Geißraute
Galega officinalis
Steckbrief

Auch: common milkpea
Weltweit 6.571 Citizen-Science-Nachweise
Jüngste Sichtungen u. a. Ribarska banja, Serbia · Stanstead Road, Mickleover, Derby DE3 0PN, UK · NW 185th Ave, Portland, OR, US
Quelle: iNaturalist / GBIF. Standortdaten gerundet (Datensparsamkeit).
Häufige Fragen zu Geißraute
→Welche Pflanze blüht hier lila-weiß am Feldweg bei Nikolausberg?
Es handelt sich um die Geißraute (Galega officinalis), einen Schmetterlingsblütler aus der Familie der Hülsenfrüchtler. Sie bildet aufrechte, bis über einen Meter hohe Stauden mit gefiederten Blättern und dichten Trauben aus zart-lila bis weißen Schmetterlingsblüten. Die Aufnahmen entstanden Ende Juni an einem Feldrand bei Nikolausberg nahe Göttingen.
→Wann blüht die Geißraute?
Die Hauptblütezeit reicht von Juni bis August. Die hier Ende Juni dokumentierte Vollblüte mit gleichzeitig vorhandenen Knospen und ersten Hülsen markiert den Höhepunkt der Saison.
→Ist die Geißraute giftig?
Ja. Die ganze Pflanze, besonders Samen und Kraut, enthält das Alkaloid Galegin und ist bei Verzehr giftig – für Weidetiere kann sie sogar tödlich sein.
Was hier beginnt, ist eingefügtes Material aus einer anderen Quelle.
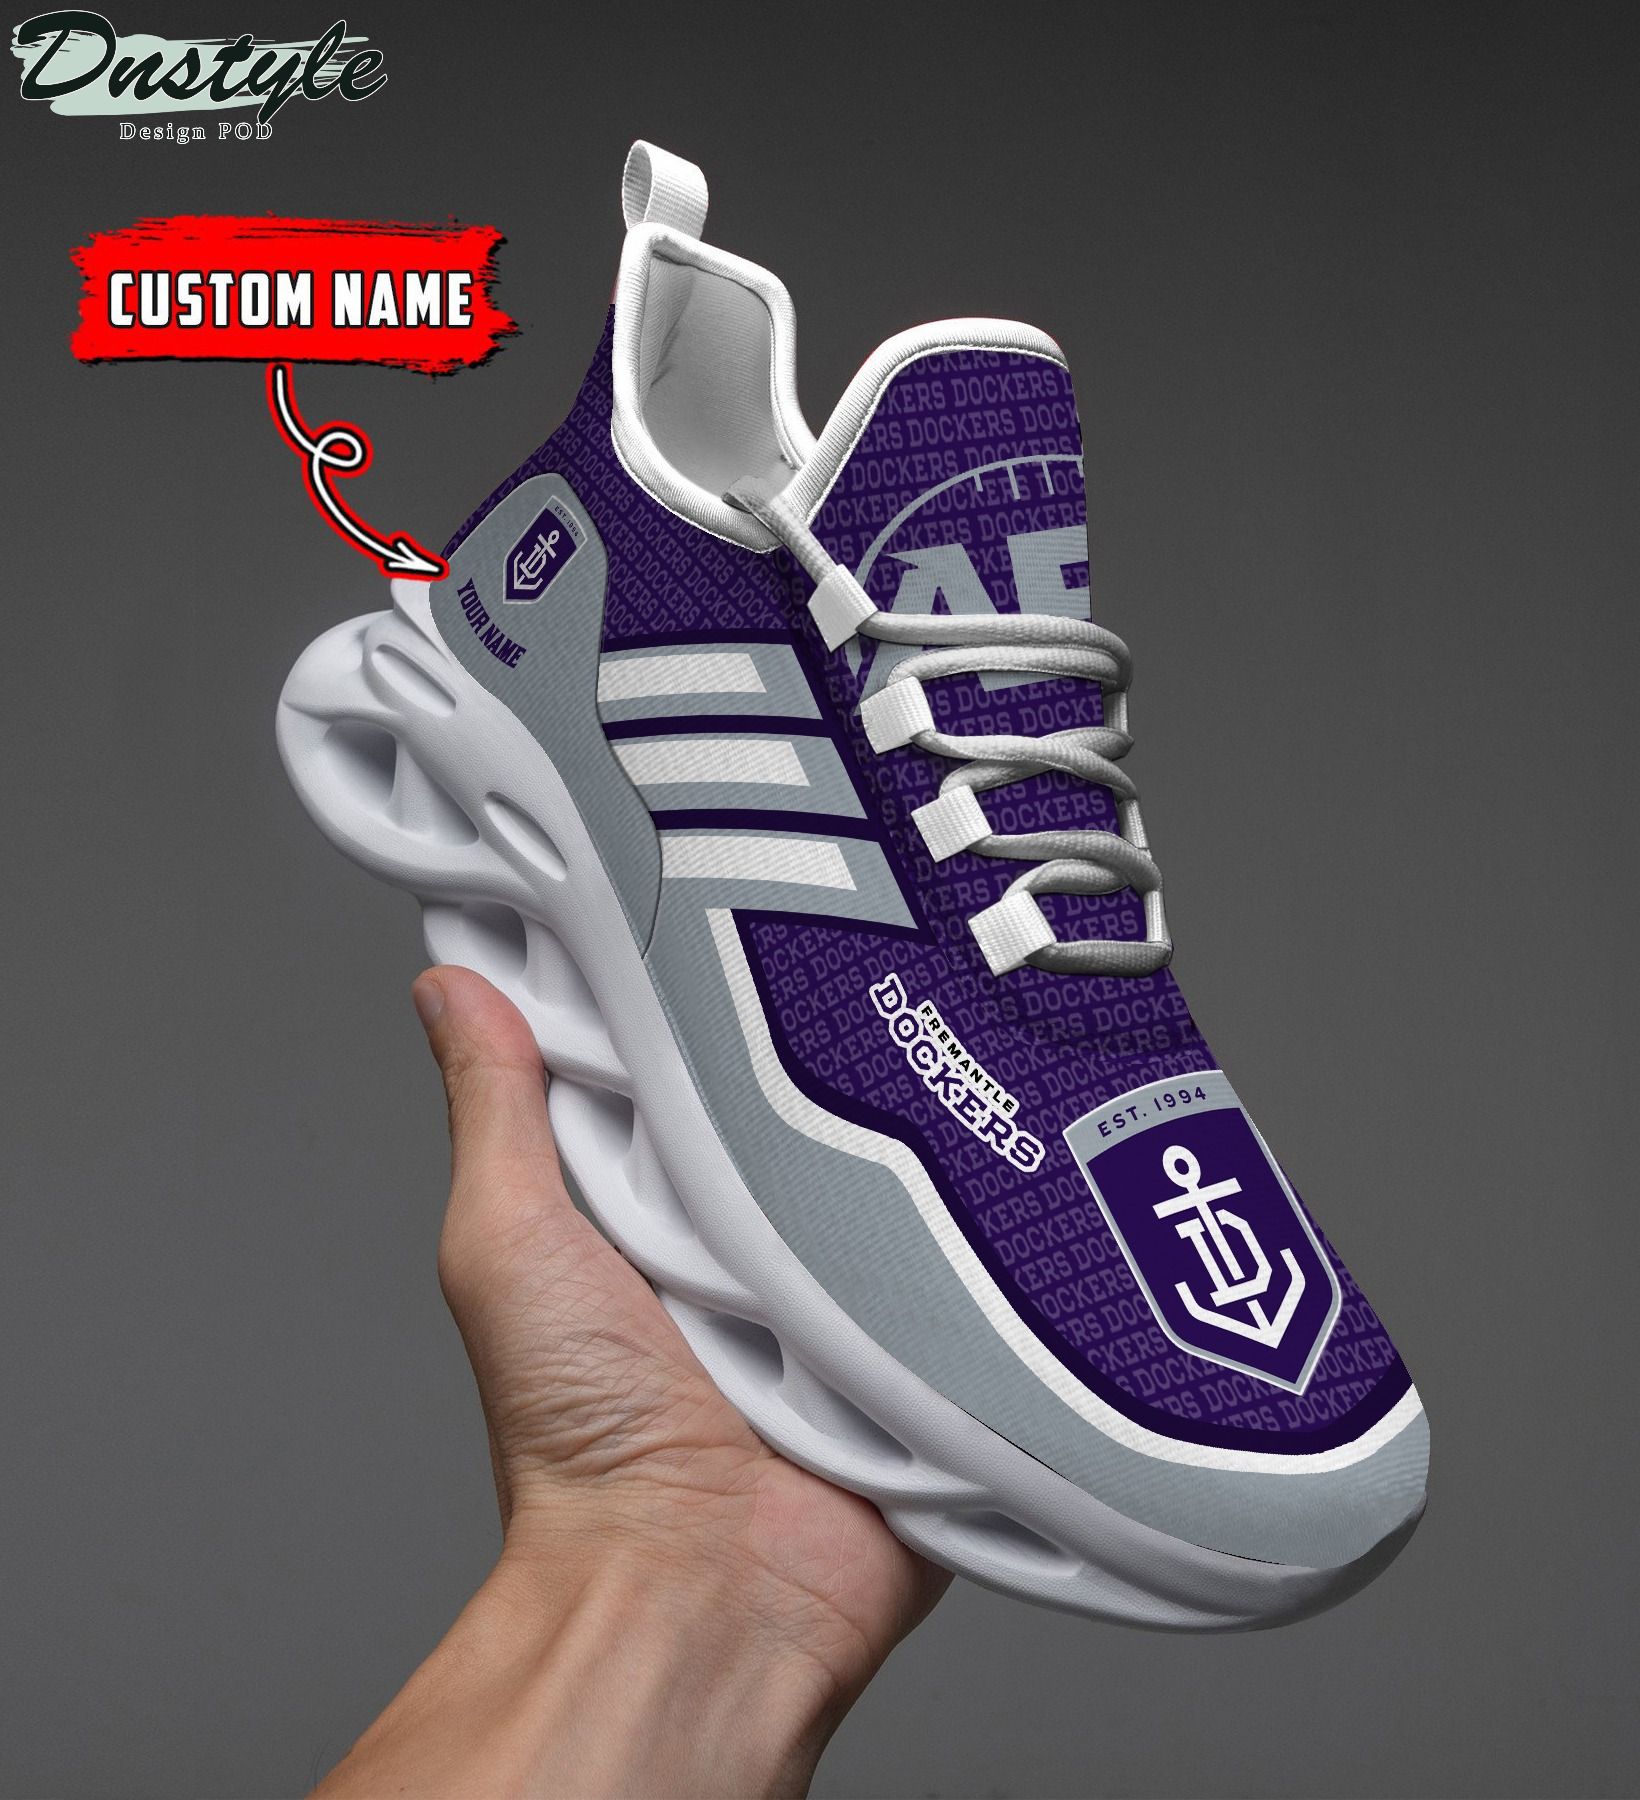 Fremantle Dockers AFL personalized clunky max soul shoes
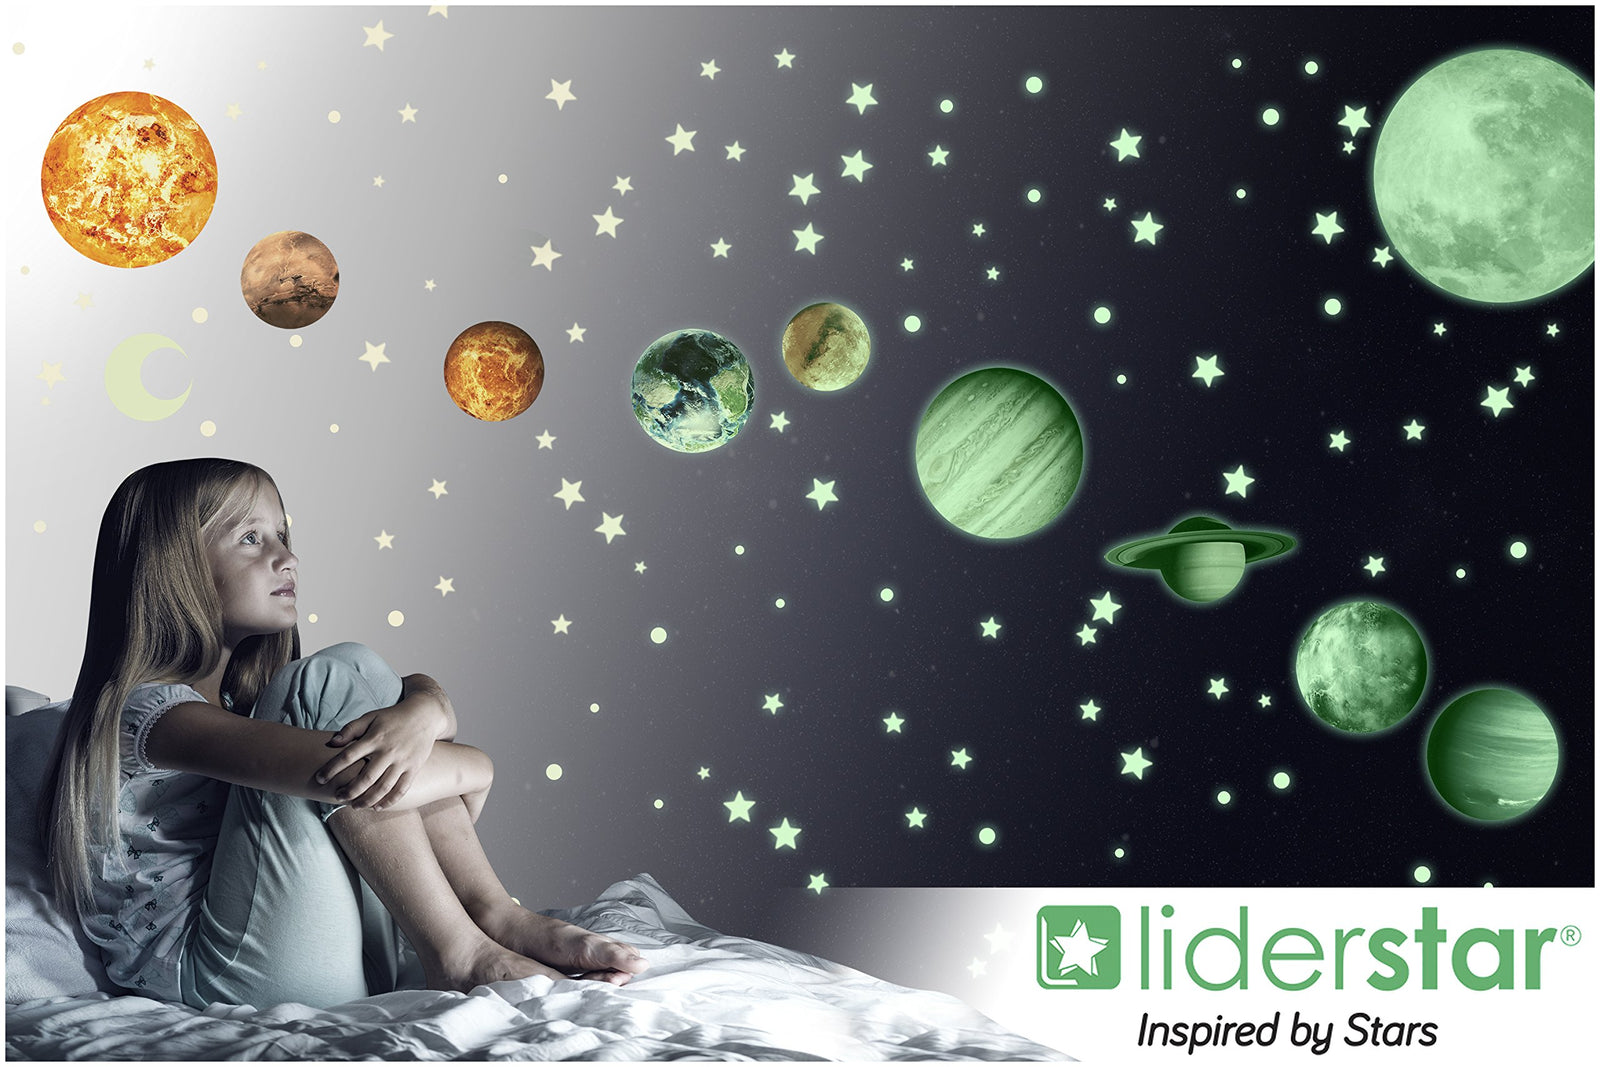 Glow in The Dark Stars and Planets, Bright Solar System Wall Stickers -Glowing Ceiling Decals for Kids Bedroom Any Room,Shining Space Decoration, Birthday Christmas Gift for Boys and Girls

Beim bloßen Betrachten und Fotografieren besteht keine Gefahr.
→Woran erkennt man die Geißraute?
Kennzeichnend sind die unpaarig gefiederten Blätter mit vielen schmalen, gegenständigen Fiederblättchen, die aufrechten Blütentrauben mit zahlreichen kleinen Schmetterlingsblüten in Hellviolett bis Weiß und der buschige, kräftige Wuchs an feuchten, nährstoffreichen Säumen.
→Wo wächst die Geißraute typischerweise?
Sie bevorzugt nährstoffreiche, eher feuchte Standorte an Gräben, Bach- und Wegrändern, Brachen und Feldsäumen. In Mitteleuropa ist sie ein eingebürgerter Neophyt, der an solchen Stellen oft große, dichte Bestände bildet.